GIVEN INFORMATION:
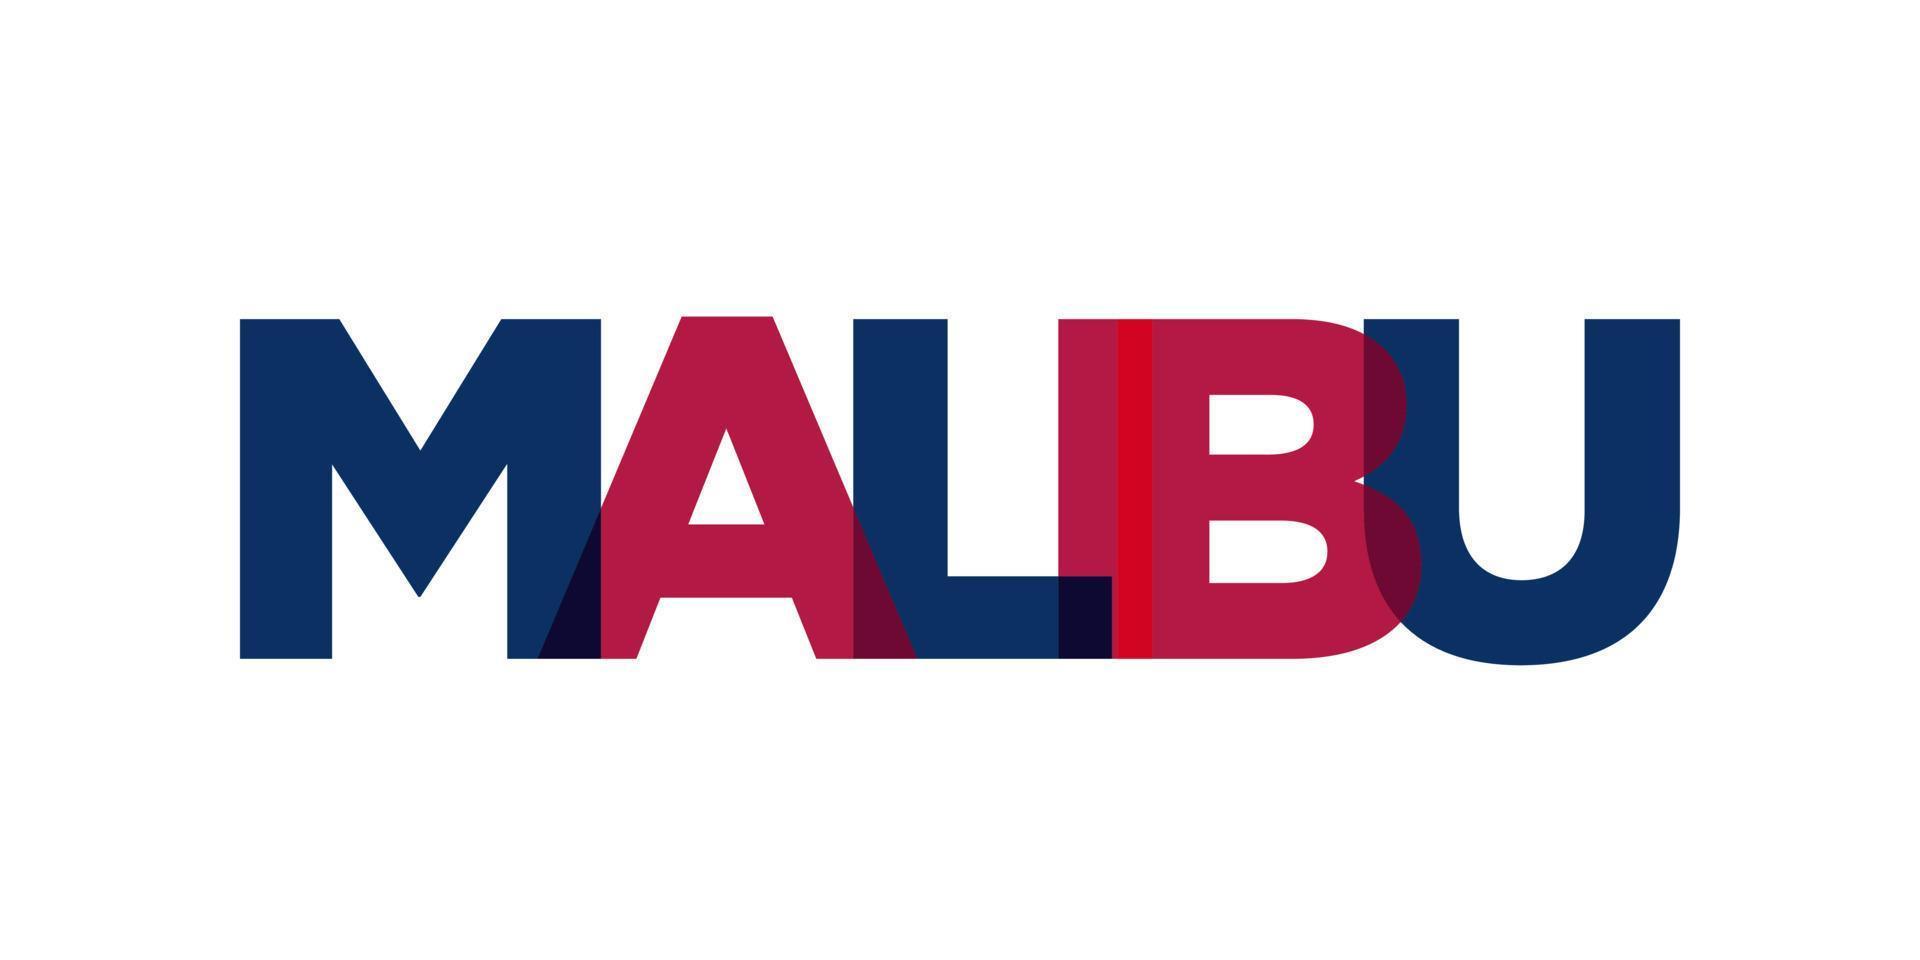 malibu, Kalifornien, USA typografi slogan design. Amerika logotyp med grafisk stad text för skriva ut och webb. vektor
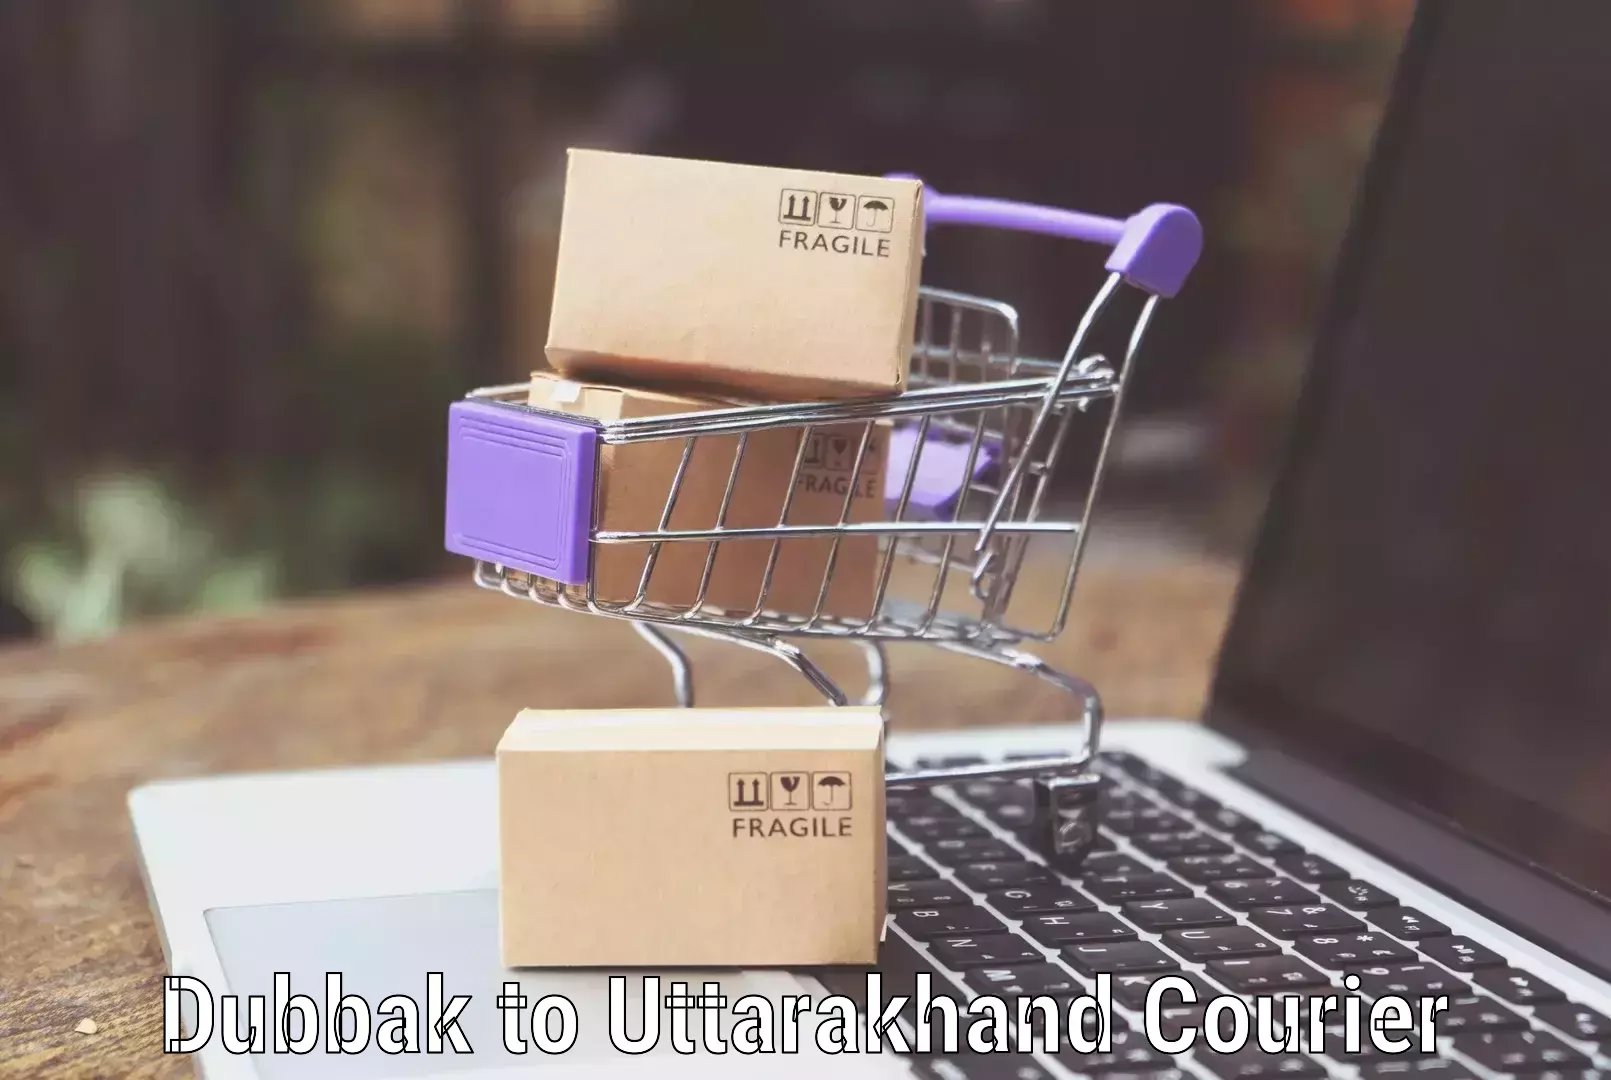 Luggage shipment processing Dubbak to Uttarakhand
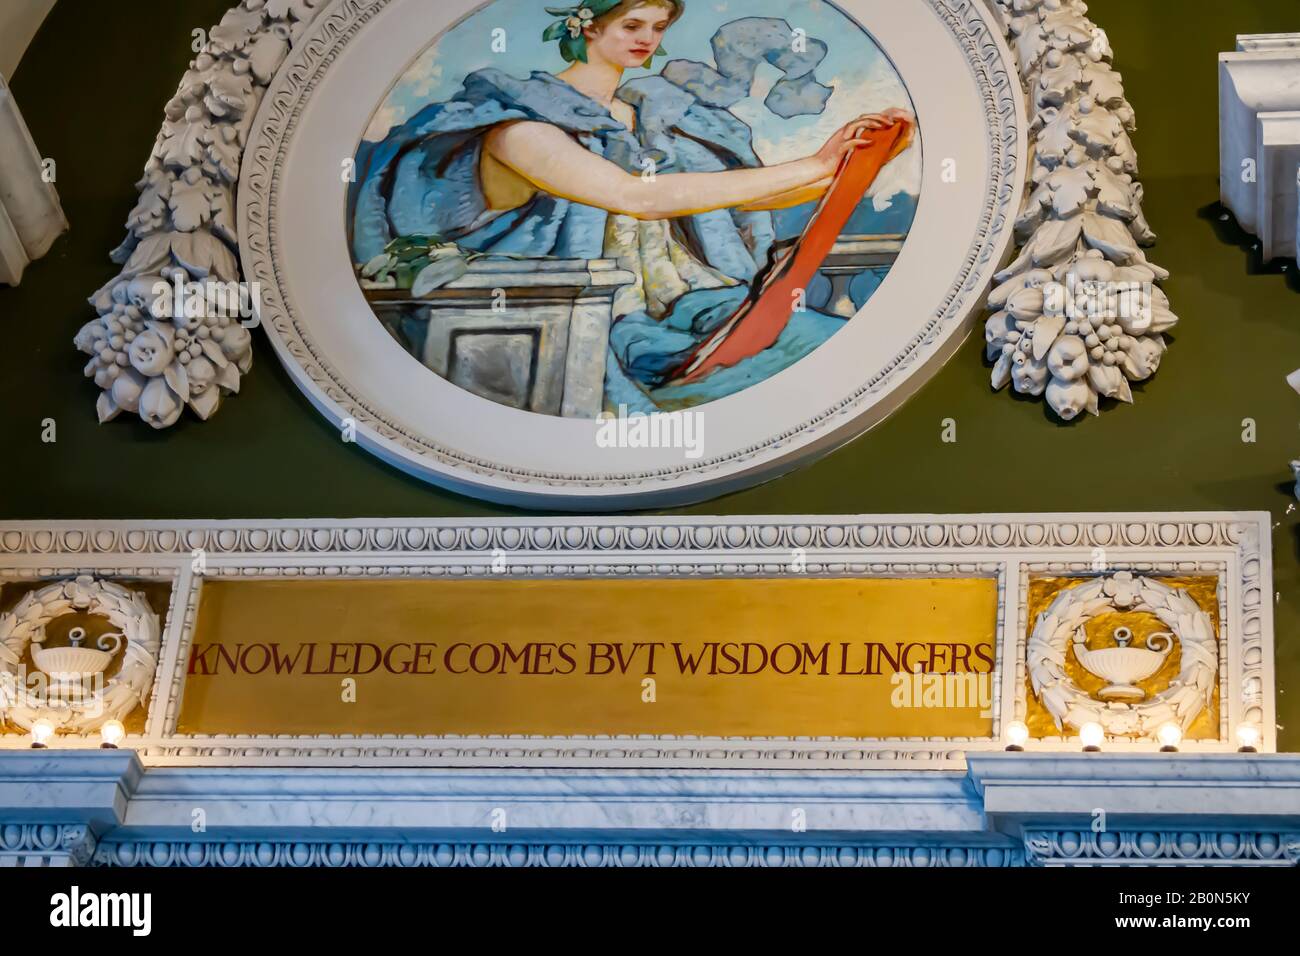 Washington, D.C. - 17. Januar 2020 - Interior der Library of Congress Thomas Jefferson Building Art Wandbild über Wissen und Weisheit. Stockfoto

WORK REQUIRED: The response must repeat all the lines above exactly and include no pictures.

ANSWER SPACE:
 malibu, Kalifornien, USA typografi slogan design. Amerika logotyp med grafisk stad text för skriva ut och webb. vektor
 Luggage shipment processing Dubbak to Uttarakhand
 Washington, D.C. - 17. Januar 2020 - Interior der Library of Congress Thomas Jefferson Building Art Wandbild über Wissen und Weisheit. Stockfoto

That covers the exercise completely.